Two-shot Sputnik V is leading the vaccine race in Central Asia, a five-country former Soviet region with close political and economic ties to Moscow.

Uzbekistan's state coronavirus commission said Sputnik V was "certified and approved for mass use in Uzbekistan" and the country was "taking practical measures" to secure an initial batch of one million doses.

The news comes after a pharmaceutical factory in neighbouring Kazakhstan said on Tuesday that it had gained approval from Kazakh authorities to produce and distribute Sputnik V. The factory expects to distribute 90,000 doses by the end of February.

In Uzbekistan, Sputnik V is likely to face competition from a vaccine developed by the Chinese pharmaceutical company Anhui Zhifei Longcom Biopharmaceutical.

The state coronavirus commission said Wednesday that the country was planning to begin production of the Chinese vaccine later this year, after launching phase three trials in the capital Tashkent in December.

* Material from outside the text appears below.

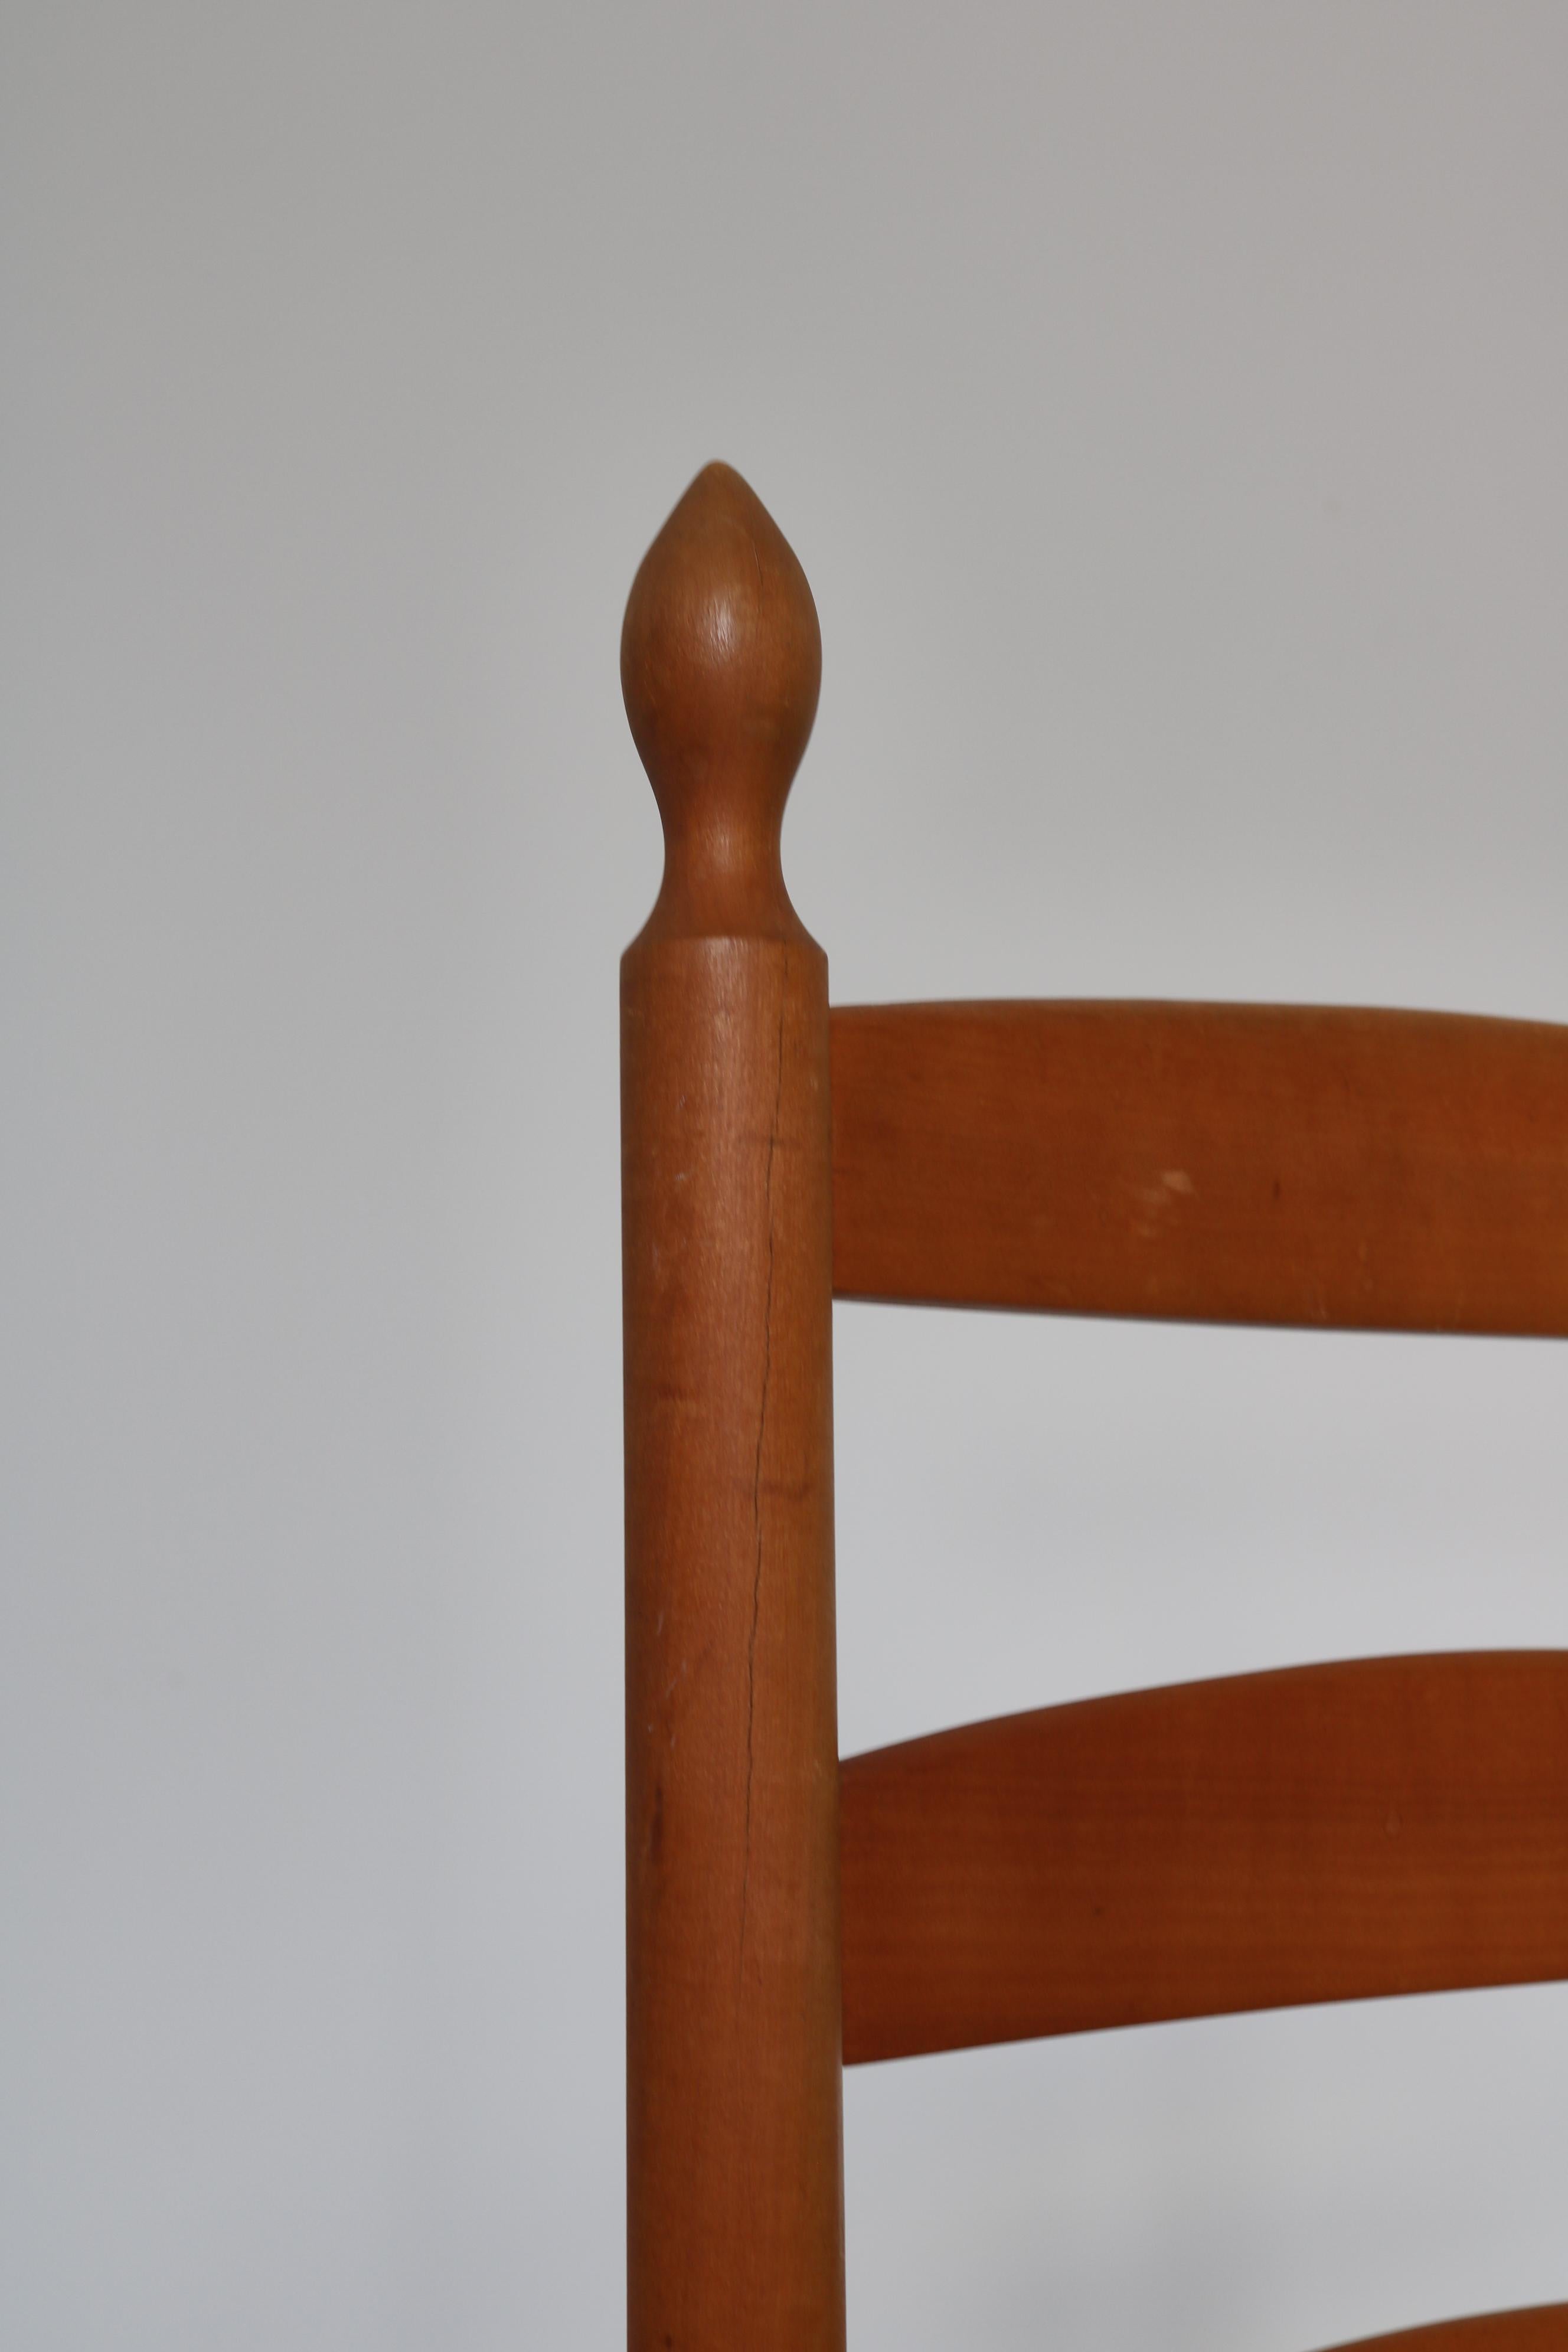 Vintage Scandinavian Shaker Chair in Beech and Leather Seat, Denmark, 1960s For Sale 6

Kazakhstan, Central Asia's second most populous country with around 19 million people, is the first country other than Russia to host production of Sputnik V.

A spokesman for the Russian Direct Investment Fund (RDIF) that financed Sputnik V's development said Monday that Brazil, India and South Korea are expected to follow.

Isolated Turkmenistan, which claims to have no cases of the coronavirus, was the first Central Asian country to register the Sputnik V vaccine, but has provided no information about its vaccination campaign.

Kyrgyzstan, one of the region's poorest countries, is in negotiations with Russia to secure up to half a million doses of Sputnik V for free, health minister Alymkadyr Beishanaliyev said on Monday.

Russia registered Sputnik V—named after the Soviet-era satellite—in August, months ahead of Western competitors but before the start of large-scale clinical trials, which left some experts wary.

But top medical journal The Lancet published a new analysis of the vaccine this month declaring it 91.6 percent effective.